Relish: A new serialization format

I’ve recently created and open sourced a new serialization format, named Relish1, and a Rust library implementing it. They can be found here. I don’t expect many people to adopt it – there are quite a few choices for serialization libraries available to people already – however, it has some nice design properties that I want to describe.

Relish is a binary serialization format; it does not have an IDL. I drew ideas primarily from ASN.1 DER and Protocol Buffers. I’ve maintained a Rust ASN.1 DER library for several years, and I’ve been known to tell people that most of the reasons they think ASN.1 is bad are wrong, and in fact there are a bunch of other things that are bad about ASN.1.2 As much as anything else, Relish was created as a tech demo for what it’d look like if we took some basic ideas about serialization formats and implemented them cleanly. It’s designed for things like RPC messages or database values that have modestly sized messages.

Relish is a Type-[Length]-Value format. Each type code is defined as either being a fixed-width type or a variable-width type. Fixed-width types do not encode a length, variable-width types do. For variable-width types, lengths are encoded using a varint encoding: lengths less than 128 are encoded in a single byte, and lengths up to 2**31 - 1 are encoded in four bytes with one signaling bit (larger messages are unsupported).3 Compared to more general varint schemes (like LEB128), this allows much simpler code for encoding/decoding, while keeping minimal overhead (though encoding the value “200” takes two extra bytes compared to LEB128, because we’re encoding a length we know that we have at least 200 bytes of data, meaning we’re still at only 1% overhead).

Relish supports a variety of types: null, bools, fixed-width signed and unsigned integers, UTF-8 strings, arrays, maps, structs, enums, and timestamps. You may have noticed that there’s no bytes type at all. That’s because it’s not necessary, due to clever choices around how arrays are encoded.

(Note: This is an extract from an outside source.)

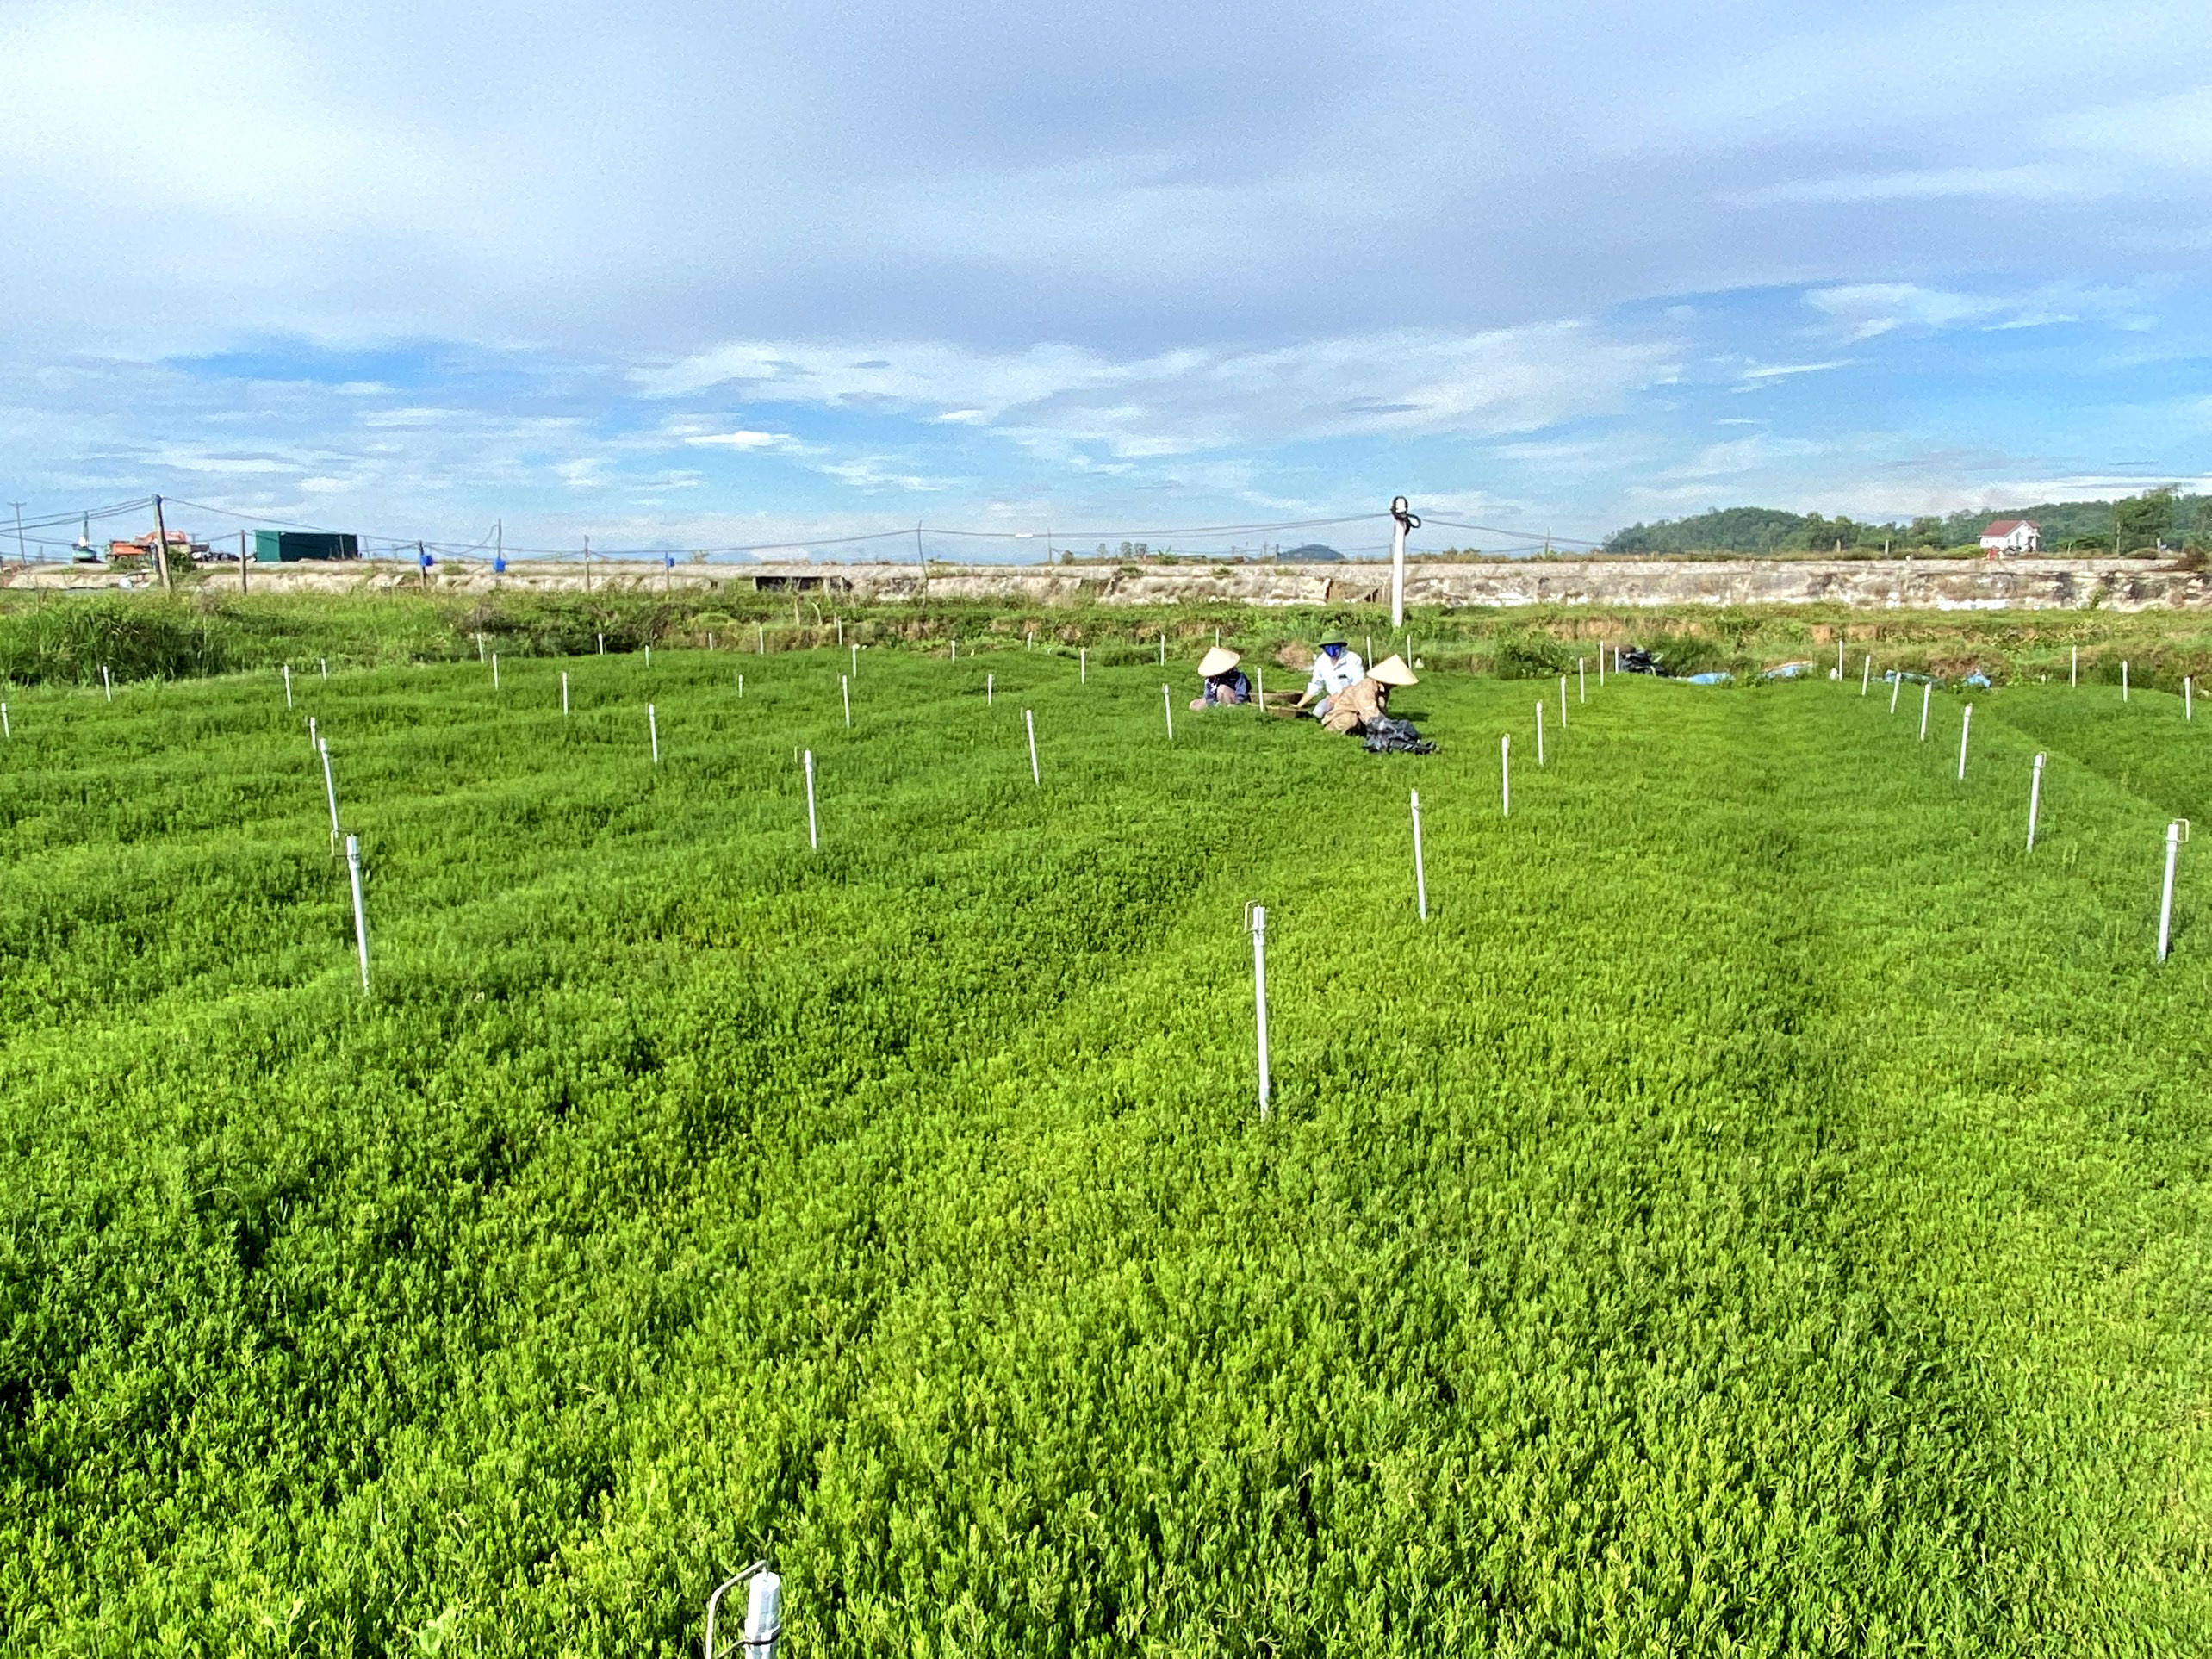 Mô hình trồng rau nhót trên đất nhiễm mặn ở phường Mai Hùng (TX.Hoàng Mai) đang được xem là một trong những giải pháp về chuyển đổi cơ cấu cây trồng thích nghi với biến đổi khí hậu. Ảnh: Thanh Phúc

You can have an array of any other type. An array’s value begins by encoding the type code for its element’s type, followed by the encoding of the value for each element. As a concrete example, to encode an array of u8 containing b"\x01\x02\x03", the encoding looks like [array type code] [length (4)] [u8 type code] 0x01 0x02 0x03. This nicely generalizes: the encoding of an array of any fixed-width integer type can be a simple memcpy from an in-memory buffer. Arrays of variable-width types are still supported, each element is encoded with its length prefix.

Structs use explicit integer field IDs for each field, which allows for extremely clear backwards compatibility semantics. Similarly, enums use an integer field ID to indicate which variant is encoded. This is in contrast to ASN.1, which relies on different type tags to identify fields (with EXPLICIT/IMPLICIT tagging to disambiguate where required). One of the consequences of this choice is that serde cannot be used in Rust (because it doesn’t support integer field tags).

Overall, Relish can be (hopefully!) seen as a set of reasonable choices, executed well, with no unforced errors. I have not yet declared the spec final, meaning for a short period I’m still considering backwards-incompatible changes to it. If, despite the plethora of other options, you think this might be of use, please take a look and provide feedback (particularly feedback that can only be resolved with a backwards-incompatible change).

  1. So named because, Pickles are for Delis, not for Software ↩︎

  2. In particular, many people believe that ASN.1 is responsible for a huge number of security issues. In reality, the vast majority of “ASN.1 security problems” are actually memory unsafety issues. ASN.1’s biggest issues are that it has a Noah’s Ark of available types, including no fewer than 12 string types, 2 bytes types, and 7 date/time-related types. ↩︎

  3. I don’t think this approach is novel, however despite its utility I haven’t been able to find a name for it! ↩︎